Figure 1: Xen 3.0 architecture
click image for larger view
Control Panel
We have extended the control panel to support creating, controlling, and destroying HVM domains. The user can specify
configuration parameters such as the guest memory map and size, the virtualized disk location, network configuration,
etc.
The control panel loads the guest firmware into the HVM domain and creates the device model thread (explained later)
that will run in Dom0 to service input/output (I/O) requests from the HVM guest. The control panel also configures the
virtual devices seen by the HVM guest, such as the interrupt binding and the PCI configuration.
The HVM guest is then started, and control is passed to the first instruction in the guest firmware. The HVM guest
executes at native speed until it encounters an event that requires special handling by Xen.
Guest Firmware
The guest firmware (BIOS) provides the boot services and run-time services required by the OS in the HVM. This guest
firmware does not see any real physical devices. It operates on the virtual devices provided by the device models.
For VT-x, we are re-using the open source Bochs BIOS [5]. We extended the Bochs BIOS by adding Multi-Processor
Specification (MPS) tables [6], Advanced Configuration and Power Interface (ACPI) tables [7], including the Multiple
APIC Description Table (MADT). The BIOS and the early OS loader expect to run in real mode. To create the environment
needed by these codes, we configure the VT-x guest to execute in virtual-8086 mode. Instructions that cannot be executed
in this mode are intercepted and emulated with a software emulator.

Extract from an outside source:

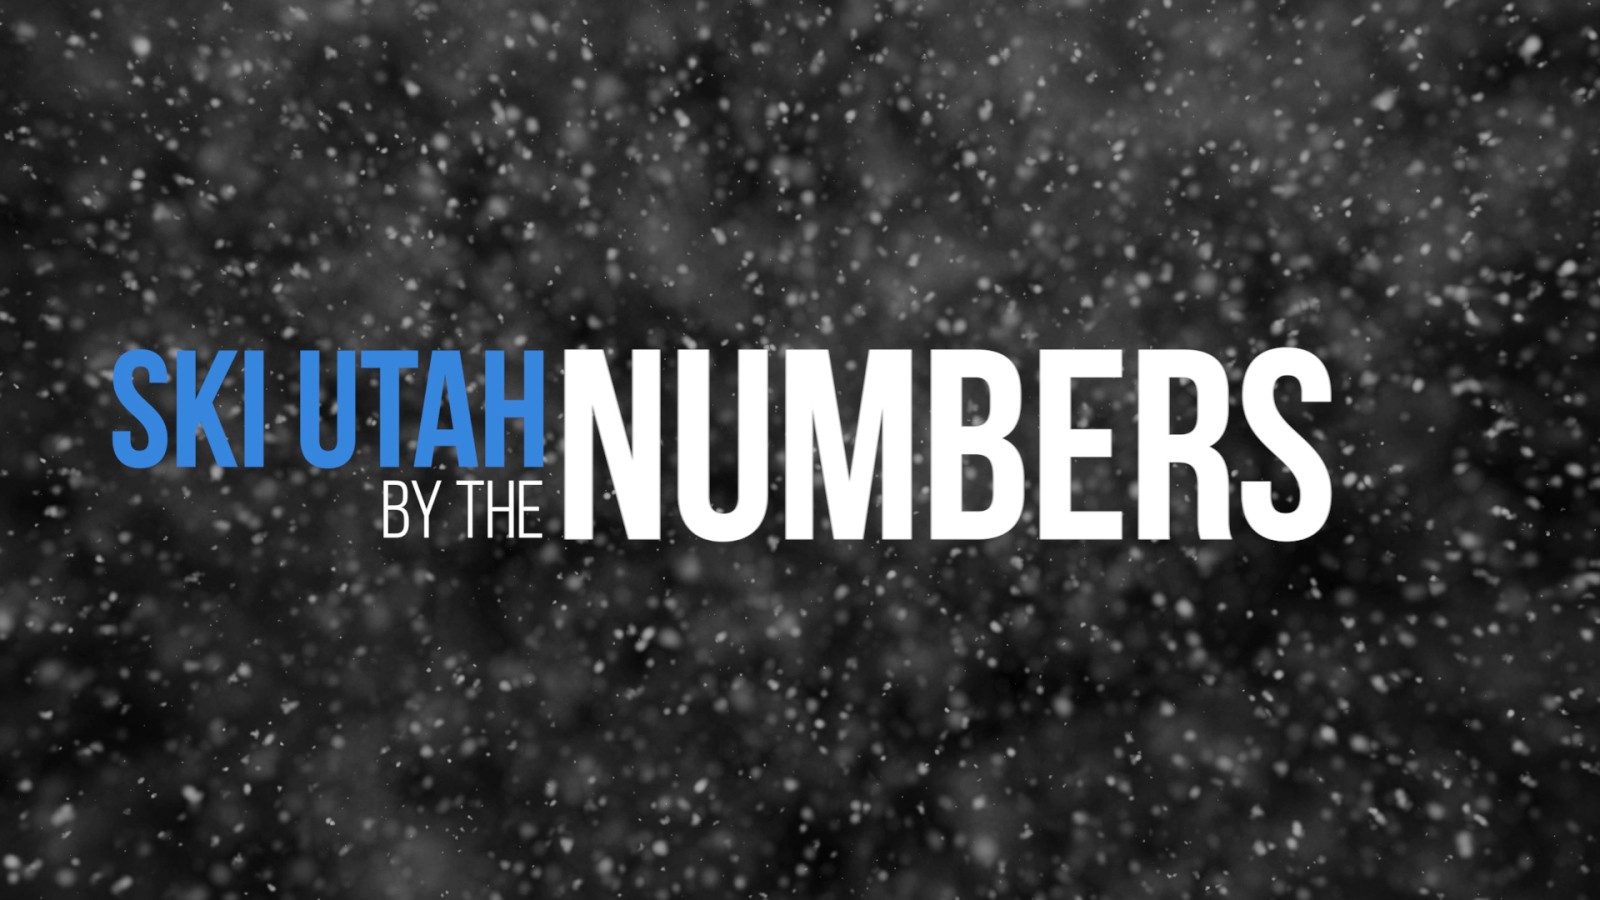 Ski Utah By The Numbers

For VT-i, we developed a guest firmware using the Intel® Platform Innovation Framework for Extensible Firmware Interface
(EFI). This guest firmware provides all EFI boot services required by IPF guest OSs. It is compatible with the
Developer's Interface Guide for 64-bit Intel® Architecture-based Servers (DIG64) and provides the System Abstraction
Layer (SAL), ACPI 2.0, and EFI 1.10 tables required by IPF guest OSs.
Processor Virtualization
The Virtual CPU module in Xen provides the abstraction of a processor to the HVM guest. It manages the virtual
processor(s) and associated virtualization events when the guest OS is executing. It saves the physical processor state
when the guest gives up a physical CPU, and restores the guest state when it is rescheduled to run on a physical
processor.
For the IA-32 architecture, a VMCS structure is created for each CPU in a HVM domain (Figure 2). The execution control
of the CPU in VMX mode is configured as follows:
-
Instructions such as CPUID, MOV from/to CR3, MOV to CR0/CR4, RDMSR, WRMSR, HLT, INVLPG, MOV from CR8, MOV DR, and
MWAIT are intercepted as VM exits.
-
Exceptions/faults, such as page fault, are intercepted as VM exits, and virtualized exceptions/faults are injected
on VM entry to guests.
-
External interrupts unrelated to guests are intercepted as VM exits, and virtualized interrupts are injected on VM
entry to the guests.
-
Read shadows are created for the guest CR0, CR4, and time stamp counter (TSC). Read accesses to such registers will
not cause VM exit, but will return the shadow values.

Figure 2: VMCS
For the Itanium® architecture, a Virtual Processor Block (VPD) structure is created for each CPU in a HVM domain. The VPD
has similar functionality as the VMCS in the IA-32 architecture. The virtualization control of the CPU is configured as
follows:
-
Instructions such as MOV from/to RR, MOV from/to CR, ITC/PTC, ITR/PTR, MOV from/to PKR, MOV from/to IBR/DBR are
intercepted as virtualization faults.
-
Instructions such as COVER, BSW are optimized to execute without virtualization faults.
-
Exceptions/faults are intercepted by the VMM, and virtualized exceptions/faults are injected to the guest on a VM
resume.
-
External interrupts are intercepted by the VMM, and virtualized external interrupts are injected to the guest using
the virtual external interrupt optimization.
-
Read shadows are created for the guest interruption control registers, PSR, CPUID. Read accesses to such registers
will not cause virtualization fault, but will return the shadow values.
-
Write shadows are created for the guest interruption control registers. Write accesses to such registers will not
cause virtualization fault, but will write to the shadow values.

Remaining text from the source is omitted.